BRIEF DESCRIPTION OF THE DRAWINGS
[0053] FIGS. 1A-1F: Intracellular stores of MRSA are protected from
vancomycin in vivo and in vitro. FIG. 1A shows a schematic of the
experimental design for generating free bacteria (planktonic) vs.
intracellular bacteria. Four cohorts of mice were infected by
intravenous injection with roughly equivalent doses of viable free
bacteria or intracellular bacteria and selected groups were treated
with vancomycin immediately after infection and then once per day
(see Example 2). FIG. 1B and FIG. 1C show bacterial loads in kidney
and brain, respectively of infected mice 4 days post infection. The
dashed line indicates the limit of detection for the assay. FIG. 1D
shows that MRSA is protected from vancomycin when cultured on a
monolayer of infectable cells. (ND=none detected). FIG. 1E and FIG.

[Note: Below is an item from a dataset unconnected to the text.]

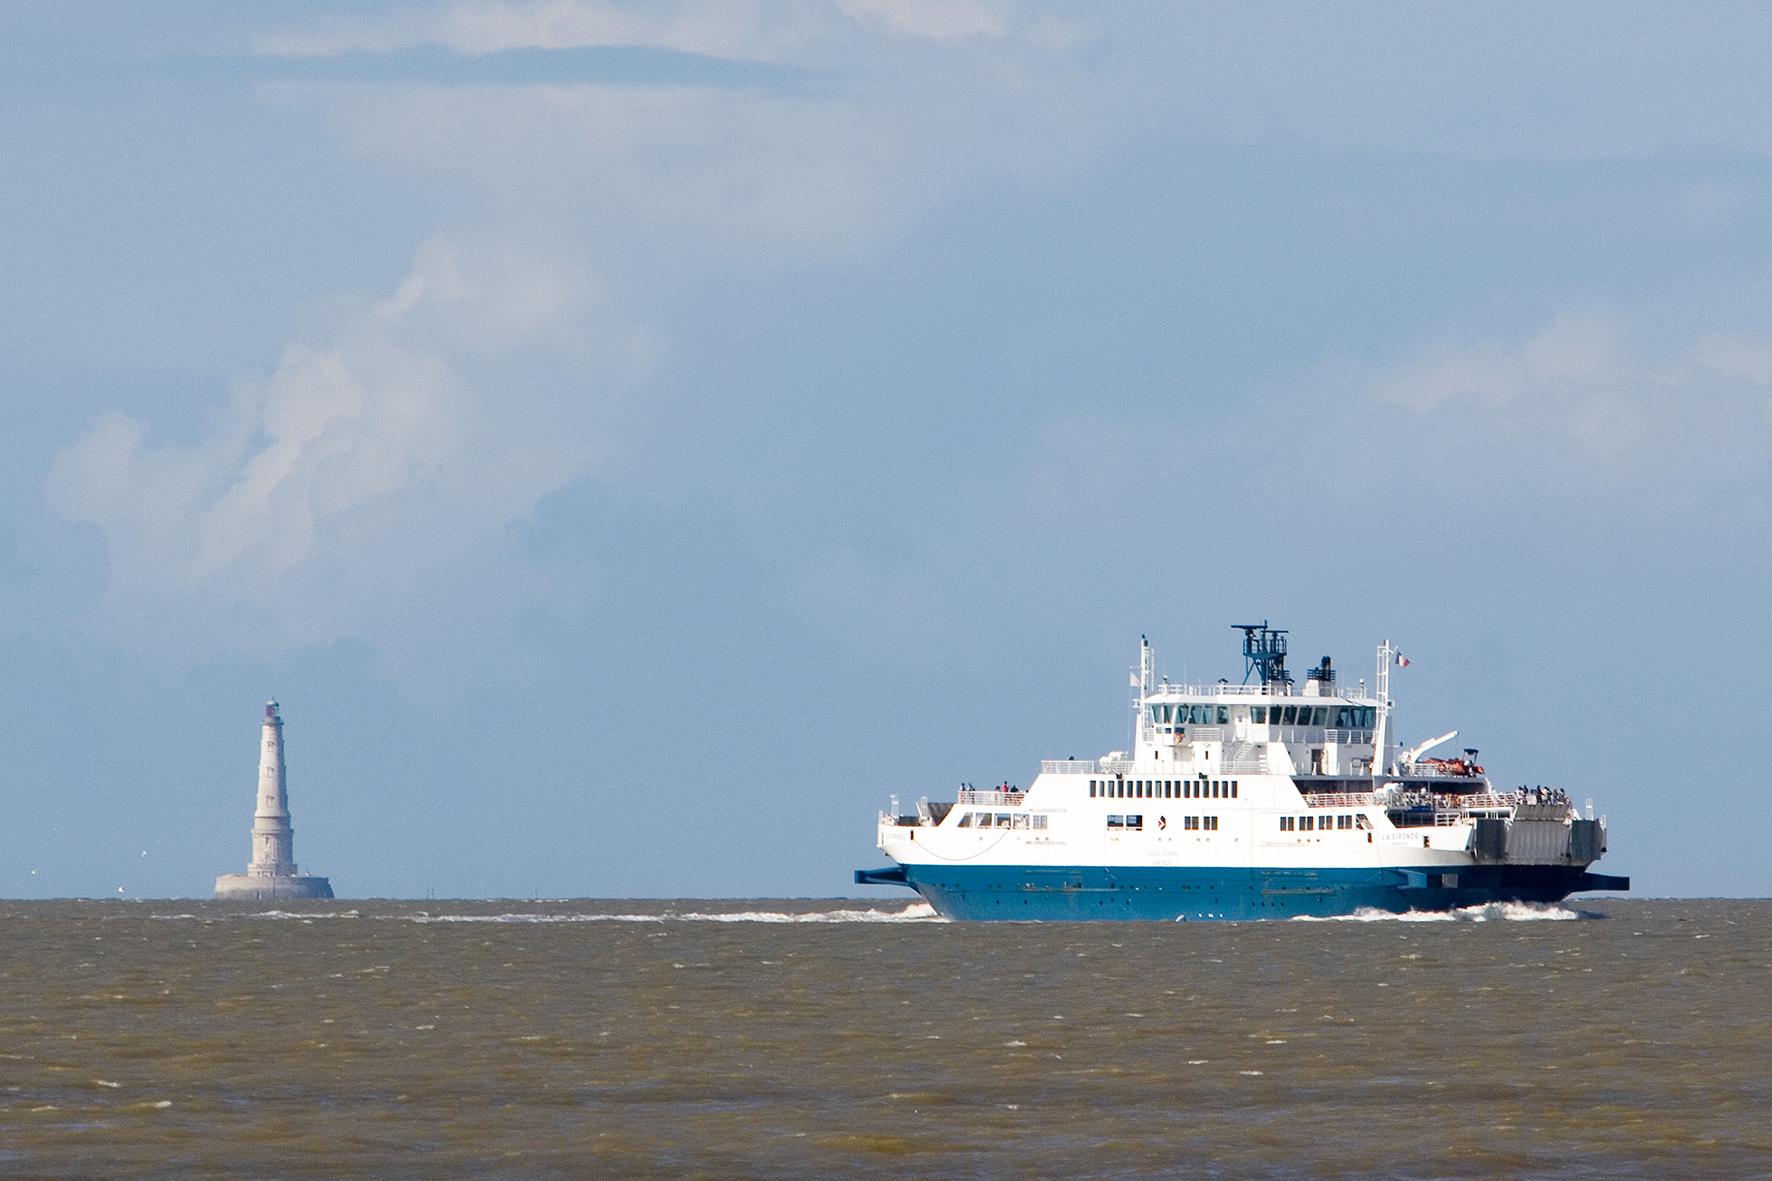 Les Bacs Girondins Ferries Gironde Fr

1F show that MRSA is able to grow in the presence of vancomyicn
when cultured on a monolayer of infectable cells. MRSA (free
bacteria) was seeded in media, media+vancomycin, or
media+vancomycin and plated on a monolayer of MG63 osteoblasts
(FIG. 1E) or Human Brain Microvascular Endothelial Cells (HBMEC,
FIG. 1F). Extracellular bacteria (free bacteria) grew well in media
alone, but were killed by vancomycin. In wells containing a
monolayer of mammalian cells (Intracellular+vanco) a fraction of
the bacteria were protected from vancomycin during the first 8
hours after infection and were able to expand within the
intracellular compartment over 24 hours. Error bars show standard
deviation for triplicate wells.
[0054] FIG. 2: shows the concept of an Antibody Antibiotic
Conjugate (AAC). In one example, the AAC consists of an antibody
directed against an epitope on the surface of S. aureus linked to a
potent rifamycin-type antibiotic (e.g. Rifalog) via a linker that
is cleaved by lysosomal proteases.
[0055] FIG. 3 shows a possible mechanism of drug activation for
antibody-antibiotic conjugates (AAC). AACs bind to extracellular
bacteria via the antigen binding domain (Fab) of the antibody and
promote uptake of the opsonized bacteria via Fc-mediated
phagocytosis. The linker is cleaved by lysosomal proteases such as
cathepsin B. Following cleavage of the linker, the linker is
hydrolyzed releasing free antibiotic inside the phagolysosome. The
free antibiotic kills the opsonized and phagocytosed bacteria along
with any previously internalized bacteria residing in the same
compartment.
[0056] FIGS. 4A and 4B show aspects of serine-aspartate (SDR)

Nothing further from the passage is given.